Yes I know. I used to study it very very seriously as well. This includes the more detailed components but it was long ago. R read every book I could on the subject plus started writing charts for others. I had a chart made for me that was far, far more than Sun Signs. Which house the moon was it at birth, as well as where each of the planets and what house they were in. Scorpio rising, pluto in the nth house, etc etc This was a long time ago. My own chart was 4-5, two-sided full pages of written text by an astrologer who had done this stuff for 20 years. I believed it to the core. No - "knew" it was real. That later changed when I tried to "prove:" astrology by looking into the studies that would show data linking behavior and or personality to astrological parameters. Believe me, I was not just looking at sun sign. The data was contradictory, inconsistent or simply not significant. There was nothing replicable.
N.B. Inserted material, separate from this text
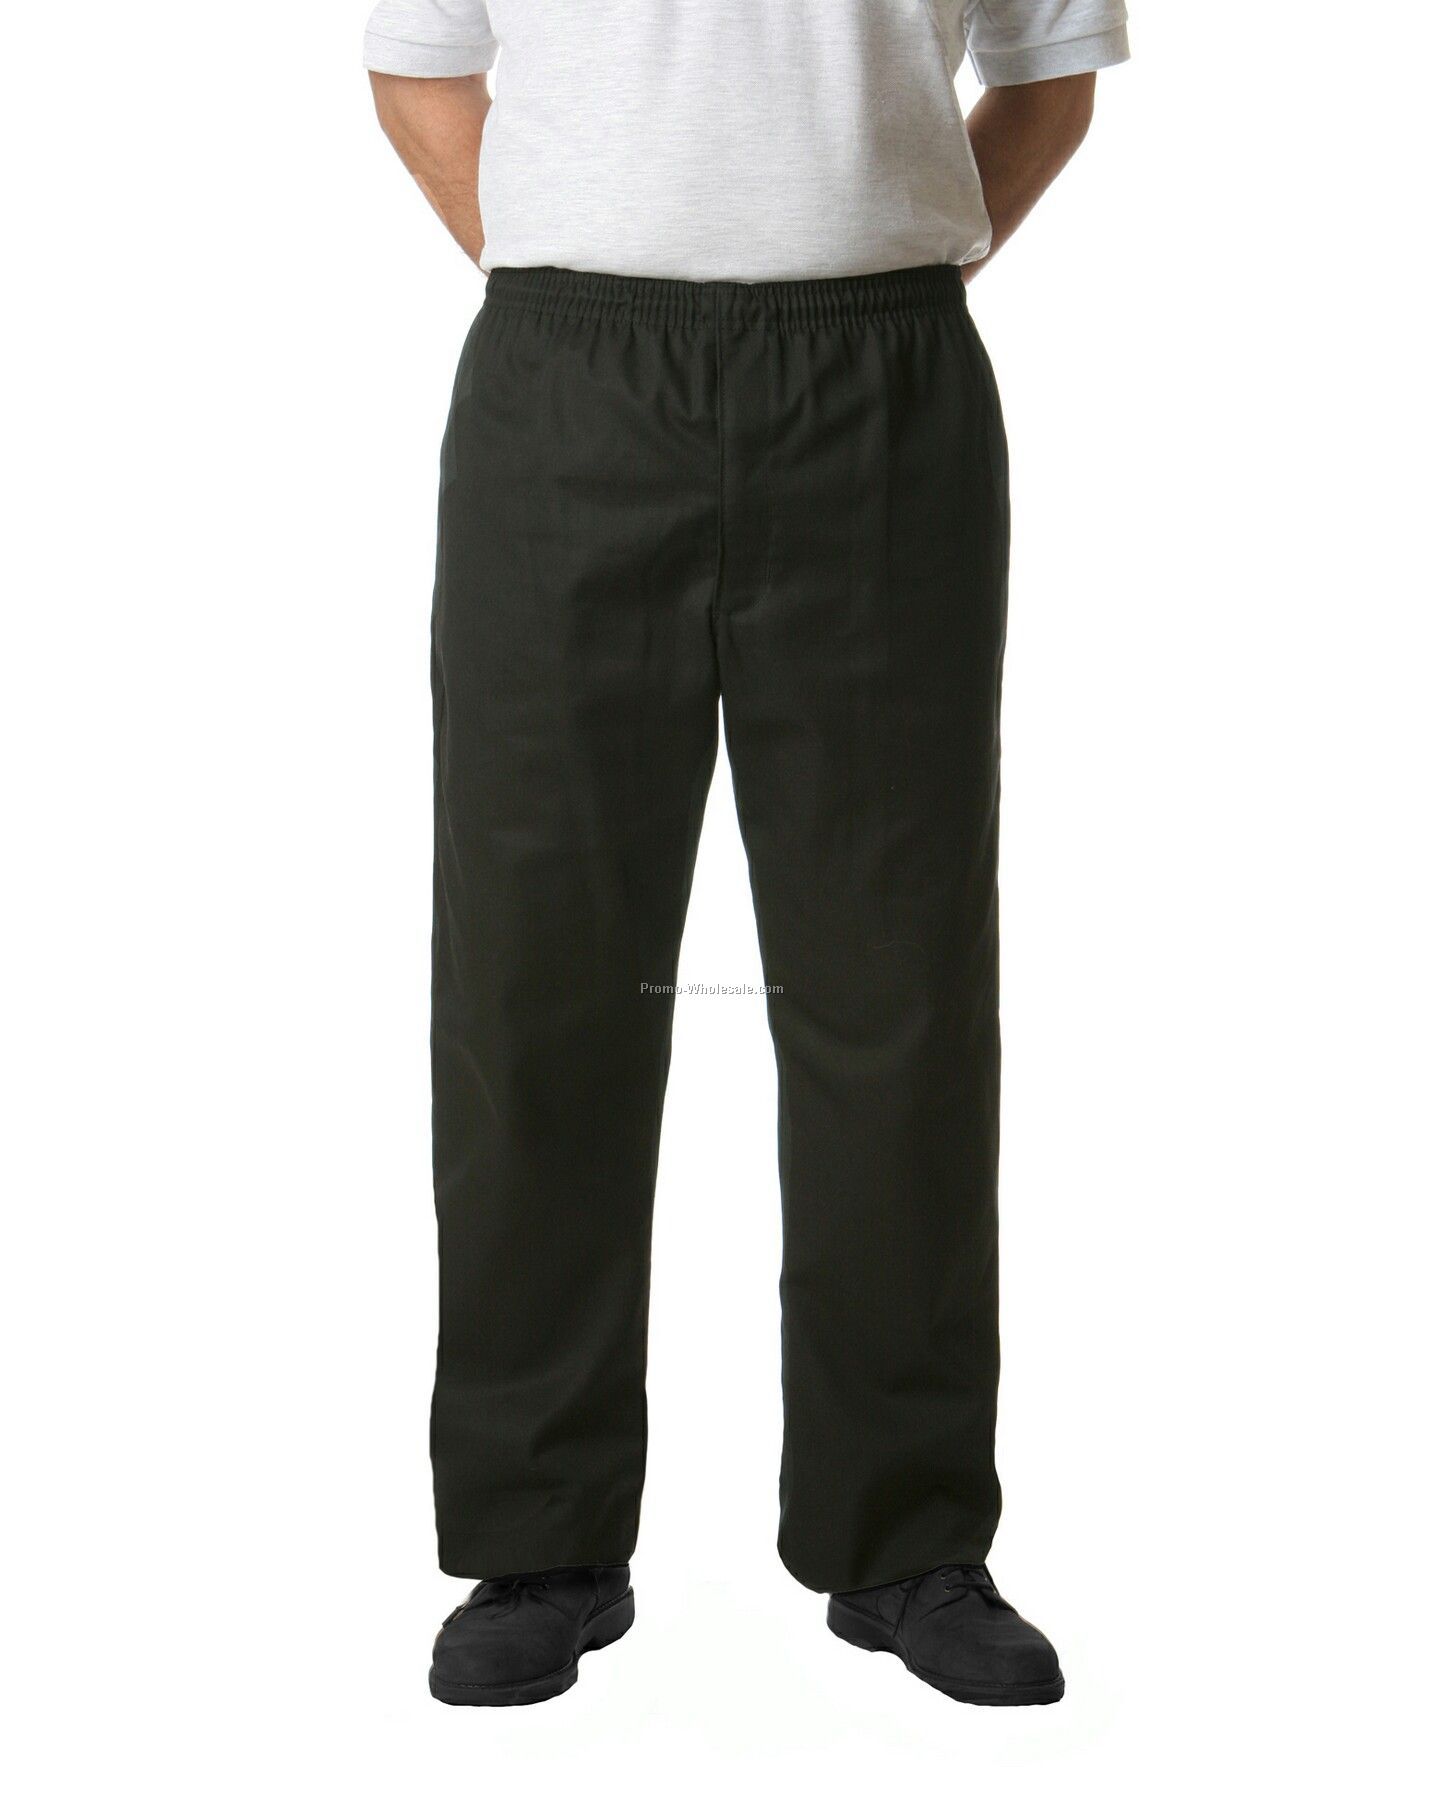 Chef Baggies Pants (Small/ Black & White Chalk Stripe)

And then I did a study of my own in college, fully approved by the research ethics committee. Data showed nothing again. My academic advisors must have been very patient because Im sure they likely thought that this would be how it turned out.

SO yes, I studied it. A lot. I took it seriously. I came, I saw, and all the evdince showed me it was an empty well.And this turned me from a believer into a nonbeliever.
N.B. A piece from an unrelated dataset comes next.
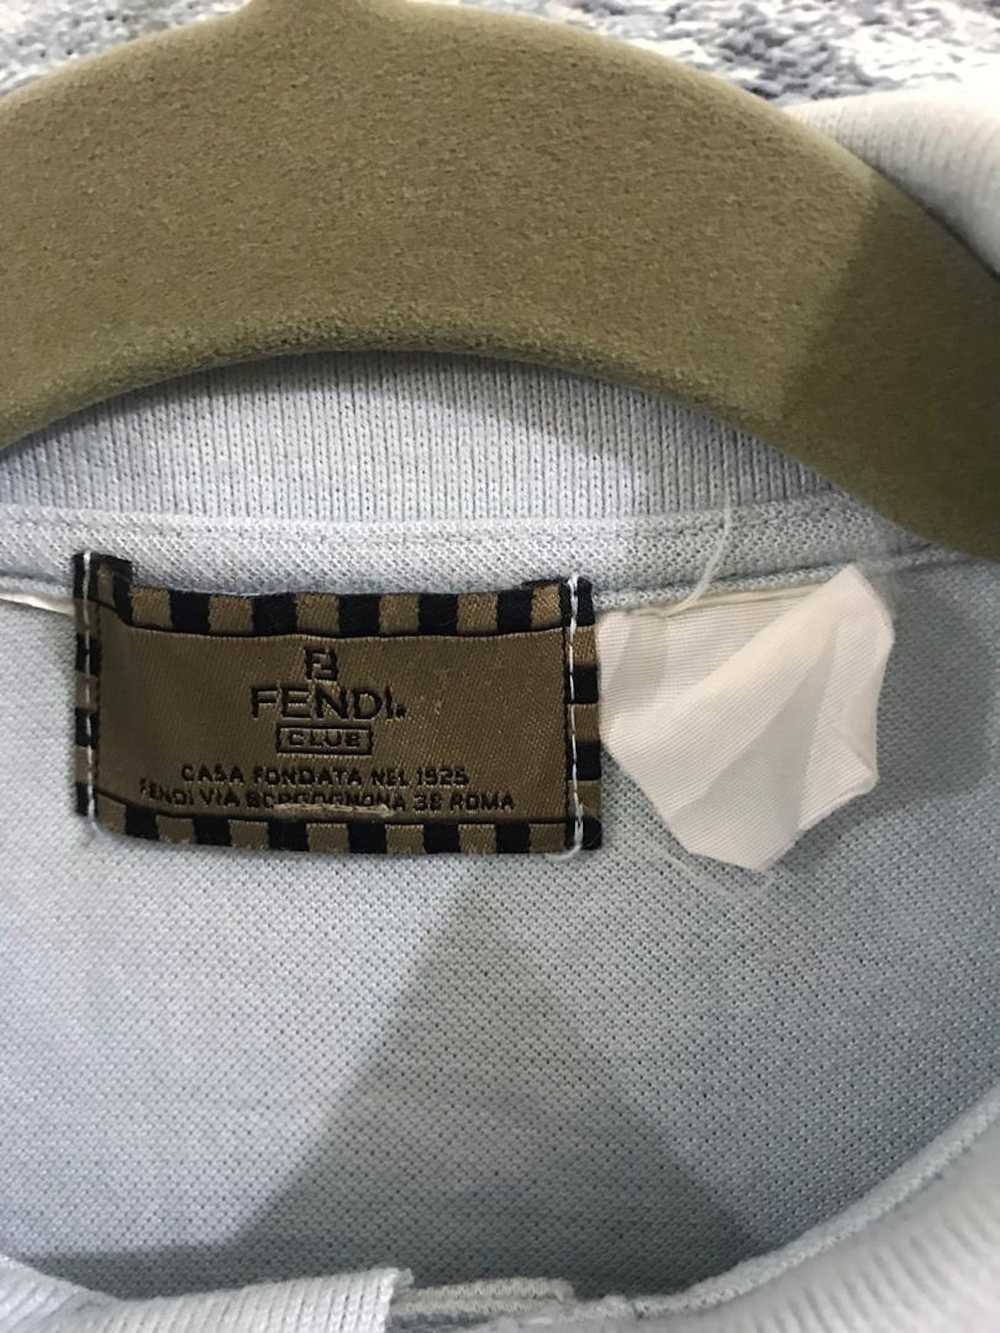 Fendi Fendi Shirt - image 6

I have no problem with any theory of personality. BUt there needs to be some objective evidence, other than anecdotal, that it predicts personality or behavior. So far the research shows zip. I recall a long time ago reading studies where subjects were unable to pick their own detailed chart relative to charts that were written for other people. Translated: people were just as likely to believe a fictional chart "was realy accurate about them" as they were the one that was written specifically for them, by professional astrologers.

Thats all I really can say on the subject. If there ever is some scientific evidence that birthdate in relation to celestial bodies predict specific aspects of behavior, Im sure it will come about. So far, no one has been able to demonstrate anything replicably in the literature.

Believe me, I was really bummed and disillusioned when I learned all this. I was truly a "covert" until that point.

weatherman Posted - 01/30/2009 : 16:49:01
Not to start a new debate here outside of TMS - but there is WAY more to astrology than sun signs. I seriously studied it many years ago (doing charts and the whole deal), but moved away from it in part because in some ways it was too accurate - especially as far as portending large scale future trends. Frankly, when a tough period is coming I decided one is better off not knowing, as there's often no escaping it anyway. Just live a day at a time. Anyone who's really studied it and has had their butt kicked by a good Saturn transit will probably agree. Again, not advocating that people get into it, as I decided I was probably better off without it. But sun signs are to serious astrology what multiplication tables are to calculus.

Weatherman


"Good judgement comes from experience. Experience comes from bad judgement."
HellNY Posted - 01/30/2009 : 08:10:05
When I was in high school, I believed that astrology worked. Not the kind in the papers, but rather the "real" kind that was much more involved, ect.

By my Sophomore year in college, I no longer believed this.


That is because I did a lot of research for a project looking at the relationship between Sun Signs and personality and behavioral characteristics.

Bottom line: aside from what astrologers claim, when direct and objective nmeasures of behavior and /or personality are used, in controlled studies, there are no repeatable findings linking sun sign to personality and behavioral traits.


At most, there has been some evidence of an association between certain personality characteristics and seasonality at birth (winter, summer, etc). These are mmost likely due to personality characteristics of parents as it relates to seasons they are most likely to become pregnant,

In short, I do not believe there is any evidence at all that astrology works.